MidEast

  • Print Friendly, PDF & Email
  • Send to Kindle

Experts: Al Qaeda Violence “No Longer Containable in Iraq”

Spillover and chaos driven by the Syrian conflict threatens to reverse the critical gains made by the U.S. and its allies during the Anbar awakening. The cooperation of tribal leaders in that region allowed the U.S. to hand Al Qaeda a battlefield defeat. Deepening sectarian tensions in Iraq, coupled with a severe deterioration in the security environment, has allowed Al Qaeda to reorganize and consolidate.

Now Al Qaeda, having leveraged Syrian-driven sectarian tensions to reassert itself in Iraq, is making a play for Syria itself:

The al-Qaida-aligned groups that started mustering in Syria from July 2012 onwards have been consolidating in large swaths of the north and east and spreading out, just as they have been in Anbar and the farmlands north of Baghdad. With their creeping presence has come the enforcement of new ways in the rural north; summary justice, fear and intimidation… Black flags now fly above many mosques and civic buildings in towns across Syria’s north and in Iraq’s border towns. Local residents near Aleppo walk silently past school walls with white horses painted on a black background – an image widely used by al-Qaida in the north. “We don’t want their paintings, or their jihad,” said Abu Saed, a member of the Free Syrian Army in Aleppo. “They can take the stallion back to the dark past that they came from.”

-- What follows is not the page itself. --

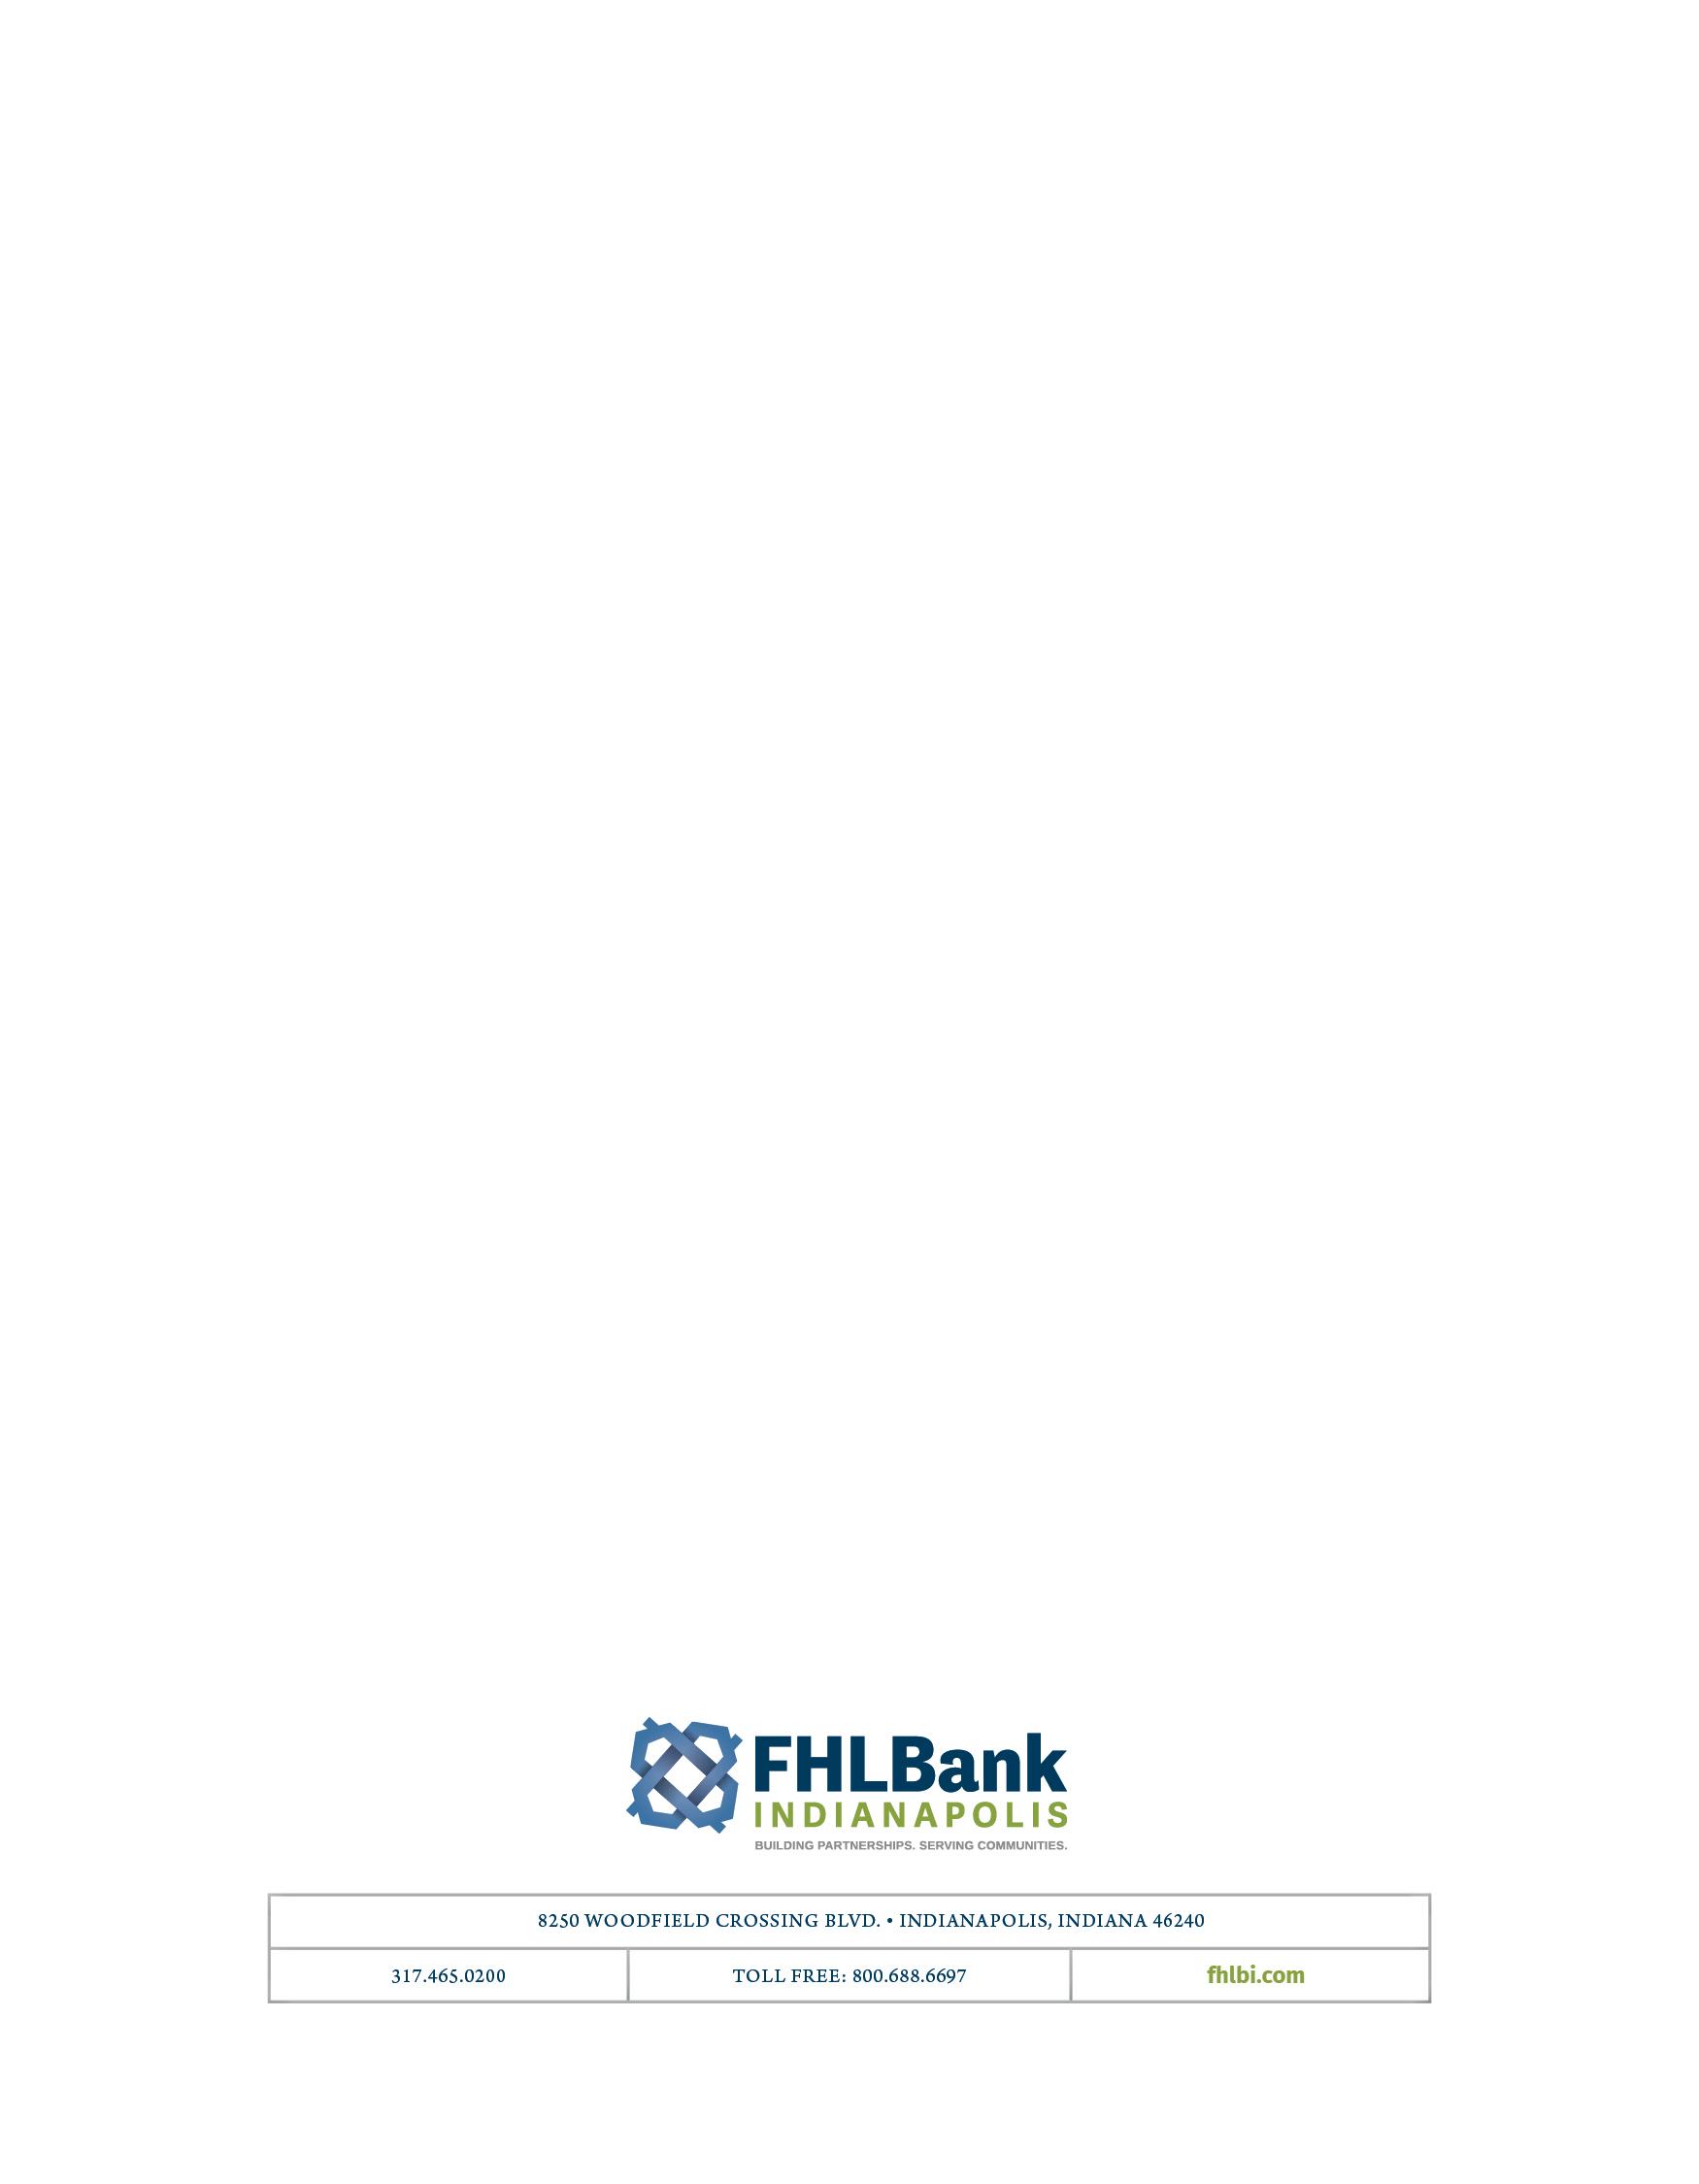 FHLBI_2019_2018CorporateResponsibilityReport_V1613.jpg

The mutually-reinforcing dynamics – spillover from Syria boosting Al Qaeda in Iraq, and then Al Qaeda seeping from Iraq into Syria – is not an accident. Al Qaeda-linked groups view the two countries as part of a single theater. The insidery security bulletin Nightwatch crystalized the observation:

The fighting is no longer containable in Iraq. The al Maliki government openly acts as an agent for Iran in facilitating support to the Baathist government in Damascus. The ISIS and affiliated fighters do not recognize the boundaries of Iraq and Syria and fight on both sides of the border. One astute Iraq analyst observed that ISIS is the first political-military organization to treat Syria and Iraq as a single political entity since before World War I. The Syrian fight now exerts influence on the fighting in Iraq. Iraqi Sunni refugees in Syria add weight to that influence.